My Kid Play Tested YOXO (and I Took Photos and Wrote about It!)

YOXOmoto Doon and YOXObug Flye

YOXOmoto Doon and YOXObug Flye

I am a building toy connoisseur. I’ve got wooden building blocks and Kapla blocks, Lincoln logs and tree blocks. I try to avoid the plastic building toys, but even so, I’ve got LEGOs and Zome rods, Darda tracks and Hot Wheels set-ups.

I mean, the KIDS have these building toys. Not me. Just the kids.


Anyway, because I know my building toys, I know what I like in a building toy. It’s got to be versatile, easy to start with but capable of making complex structures, and easy for a kid to incorporate into imaginative play.

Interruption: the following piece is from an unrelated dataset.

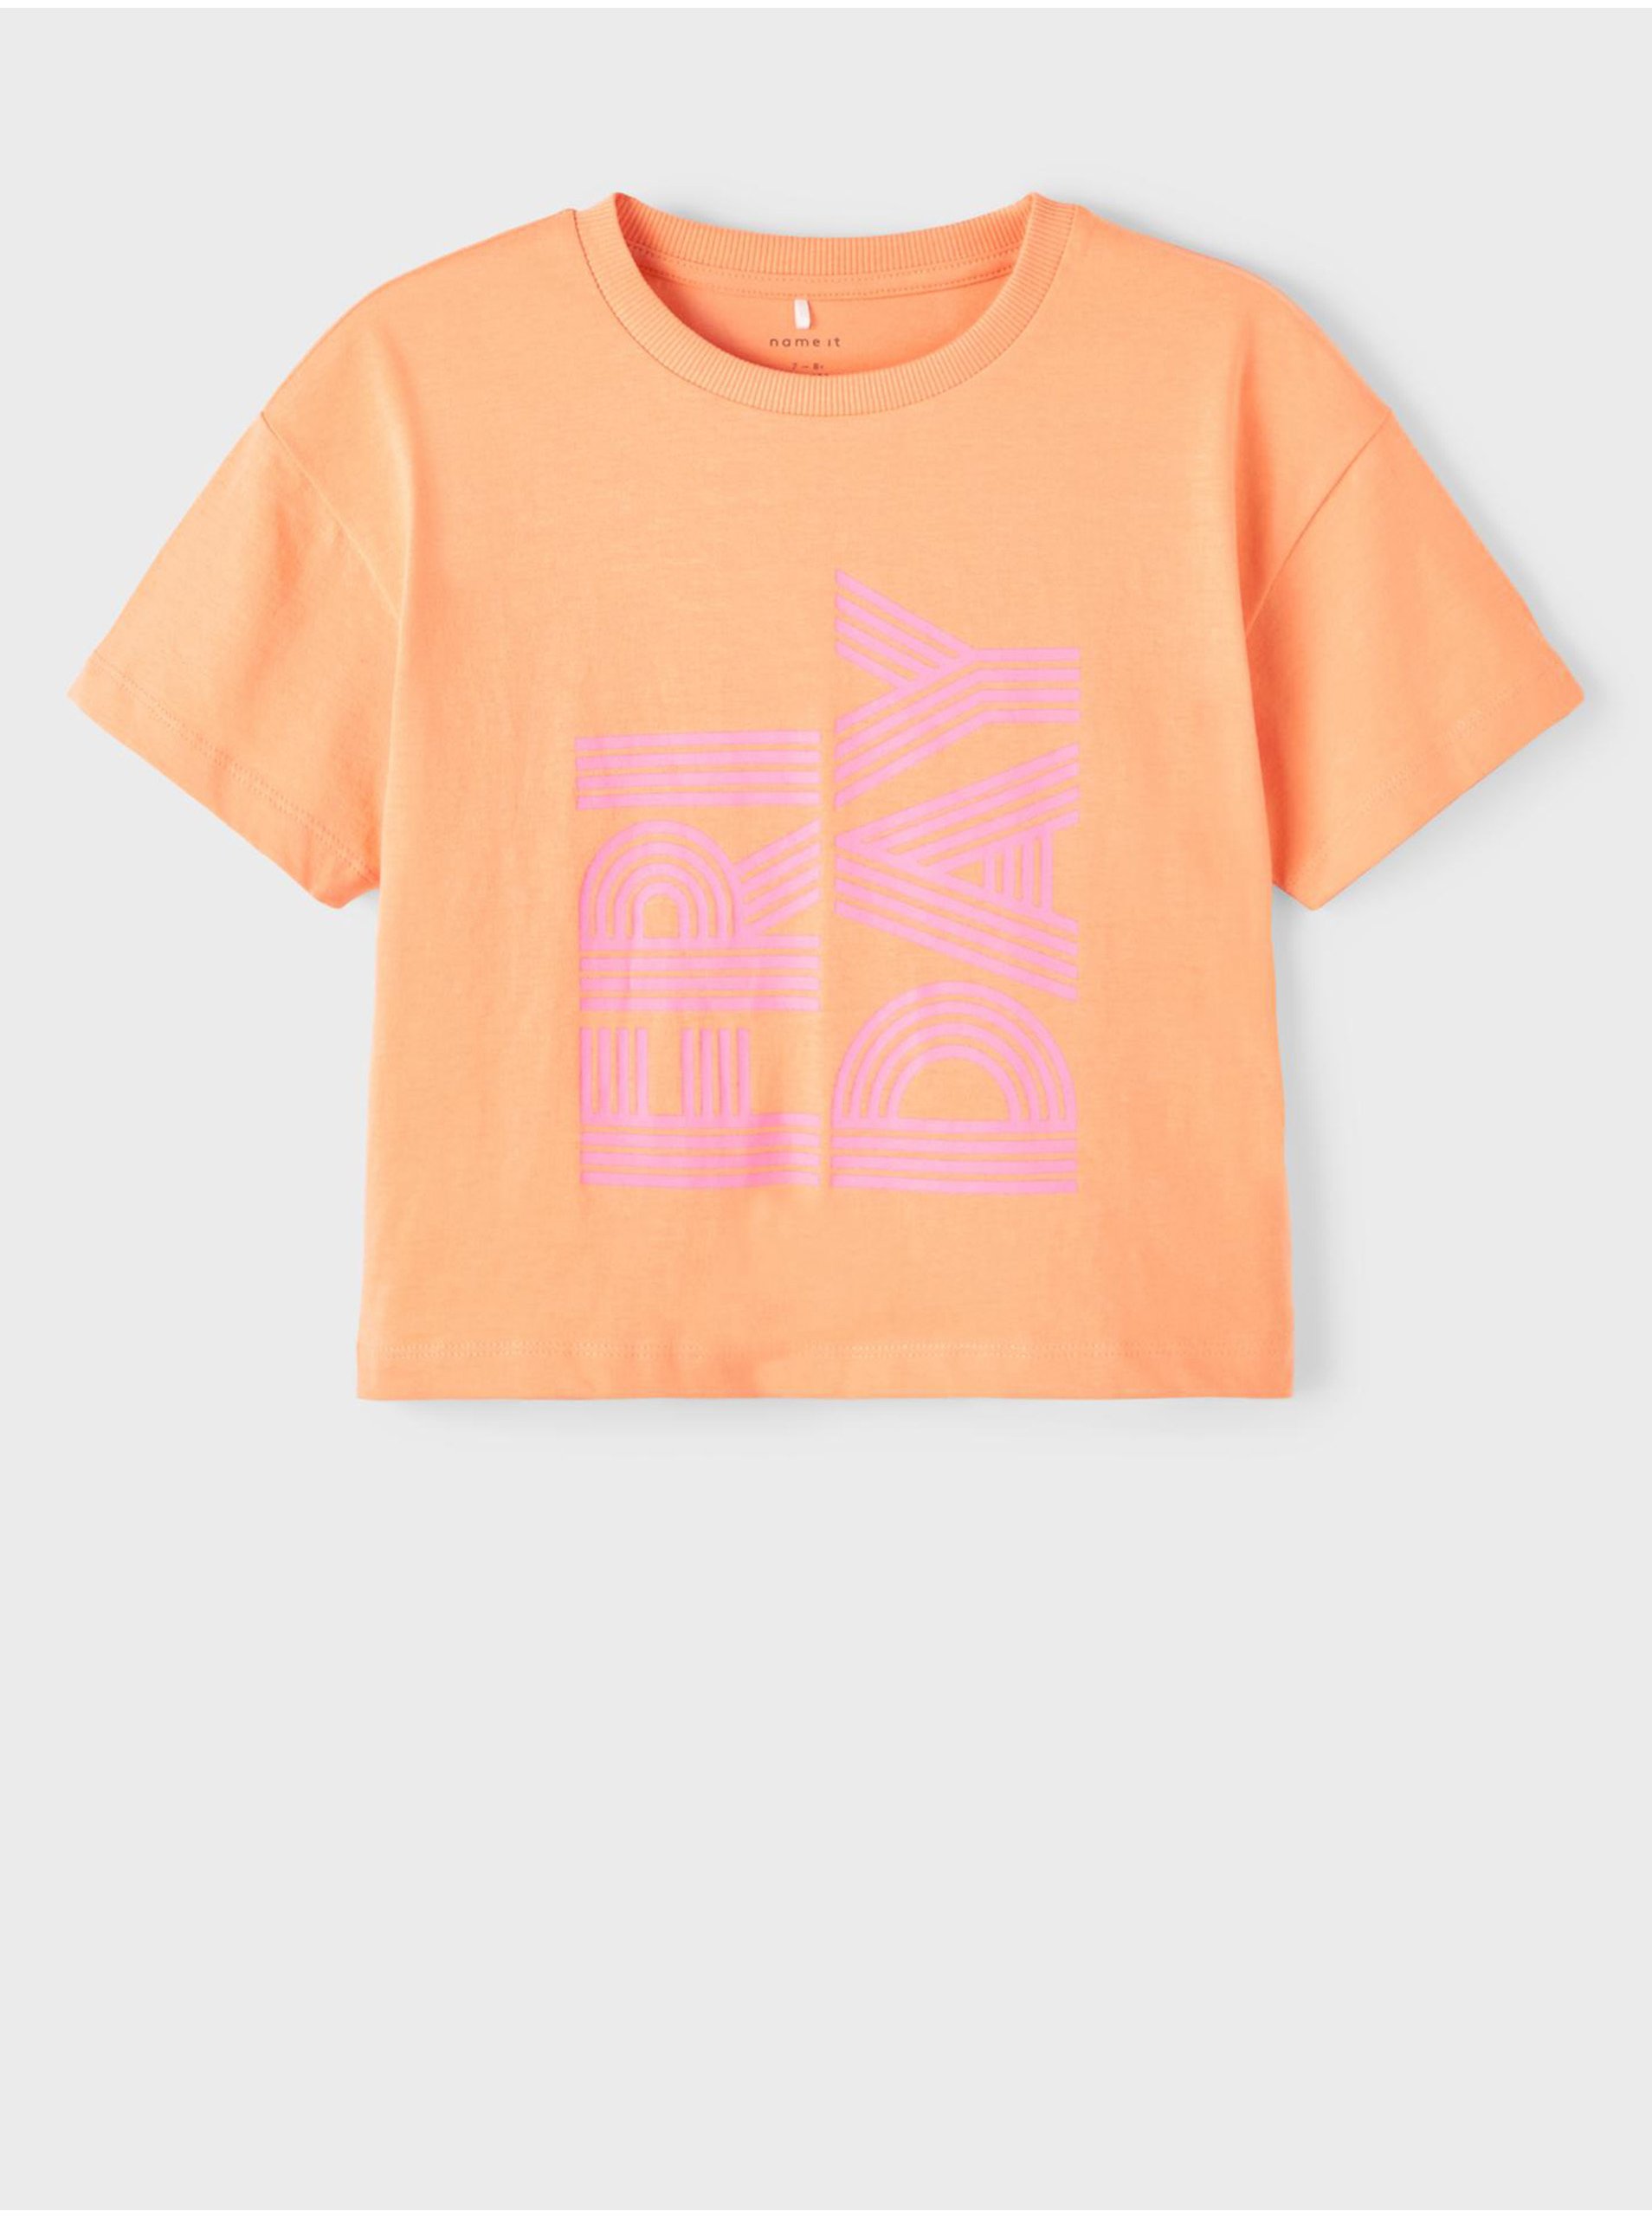 Lacno Oranžové dievčenské tričko name it Balone

In addition, I really like my kids’ toys to be American-made and either heirloom-quality or recyclable/upcyclable.

And yes, LEGOS are heirloom-quality toys in our family. And I sometimes upcycle building blocks.

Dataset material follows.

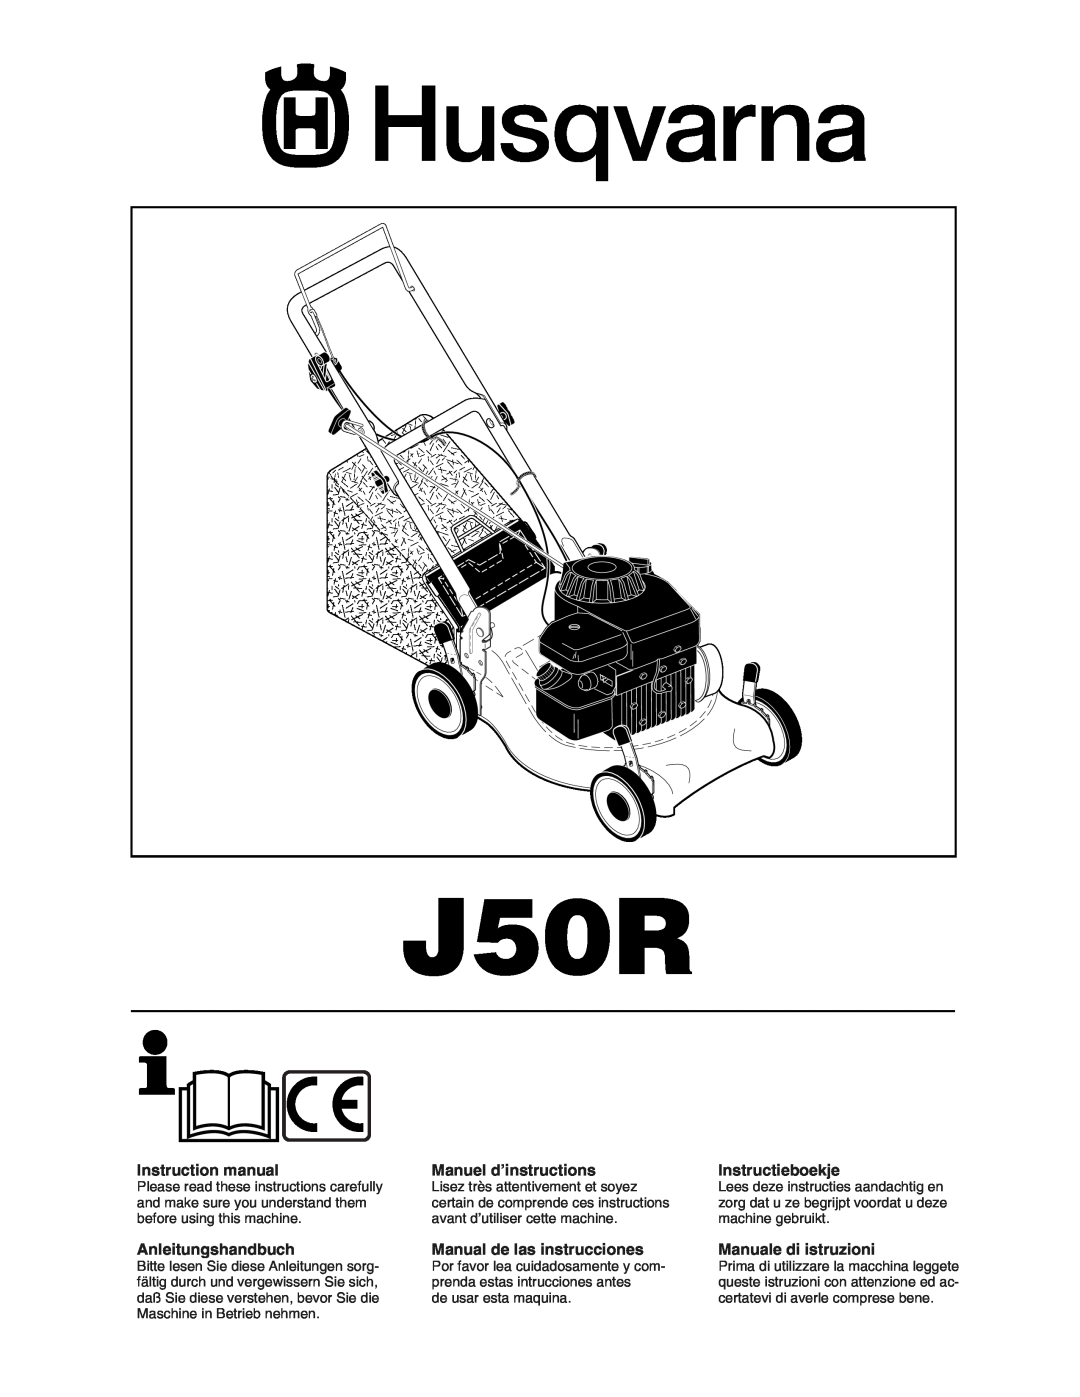 Husqvarna J50R instruction manual Manuel d’instructions, Instructieboekje, Anleitungshandbuch, Manual de las instrucciones

That’s why, when the kid got a free YOXOmoto Doon and YOXObug Flye to build and play with so that I could write about them (query: could I eventually outsource the writing as well as the playing to the kid? Must keep this in mind…), I pretty much plopped my butt down in front of her as she was opening the first box and said, “Ooh, what are we making? Can I play?”

My kid is really nice. She let me play.

Are you asking why we have masking tape on the floor? It’s because the floor is actually a fashion show stage. Duh.


YOXOmoto DoonYOXO is a very eco-friendly building toy. It’s manufactured up in Minnesota from mostly recycled materials and water jet cutting technology, and it’s recyclable, as well, although it’s a little spendy, so I recommend keeping the pieces whenever possible and repairing them whenever necessary.

The most eco-friendly part of them, however, is what’s NOT part of them, and that’s 90% of the building materials. The kit comes with enough cardboard tubes and flat pieces to make the picture on the box, but the expectation is that your kids will use the cardboard connector pieces with whatever other pieces of cardboard that you have around the house–toilet paper tubes and paper towel rolls and cereal boxes and packing boxes, et.

In reality, thicker cardboard works better than thinner cardboard. My kid had a little trouble with cereal box cardboard (although you can definitely make it work), but once I ripped off the thick cardboard backs from all our sketch pads, we were ready to go to town!

Working together, we thought it quite fun to make up new connector pieces from our own cardboard. The kid’s Doon looks weird in the photo because I actually made those combined strut and hub pieces myself, because the kid wanted her buggy to roll.

YOXObug FlyeMy kid is super into imaginary games, so she liked the dragonfly kit even better than the buggy–she still got to build it (with adult help–the diagram was hard for her to interpret), but then she got to play pretend with it. It’s flying all cute in this photo, but then she made it fly down and eat my brains.

Did I mention that my kid is also a little violent?

Although the kits themselves cost money, the YOXO site also includes some educational downloads that are free. A couple are STEM-related enrichment activities that you can use to get a kid building, and Instant Superhero is a fun creative, dramatic storytelling game.

YOXO Doon and FlyeAfter the kid and I built the kits, we took them outside and I followed her around for the afternoon as she played. The buggy and the dragonfly fought, and then they made friends. The dragonfly flew around for a while. The buggy was introduced to the chickens. There was half an hour when they were lined up over and over again in the grass so that the kid could leap over them. Dinosaurs eventually came to play. They were abandoned for quite a while when I made the mistake of suggesting that maybe it was a rabbit’s nest that the cat was sniffing at across the yard, and then for longer when a tree fell at the drive-in next door and needed to be climbed on. But they were brought in when it got dark, and the kid flat-out refused to take them apart and put them neatly back in their boxes, as I’d dared to suggest, so there they sit on the family room table, ready to be played with again tomorrow after ballet.

I received a Target gift card from a PR firm for use on YOXO kits, because I can’t review something if my kids haven’t used it to build a Rube Goldberg-style cardboard booby trap for my bedroom door!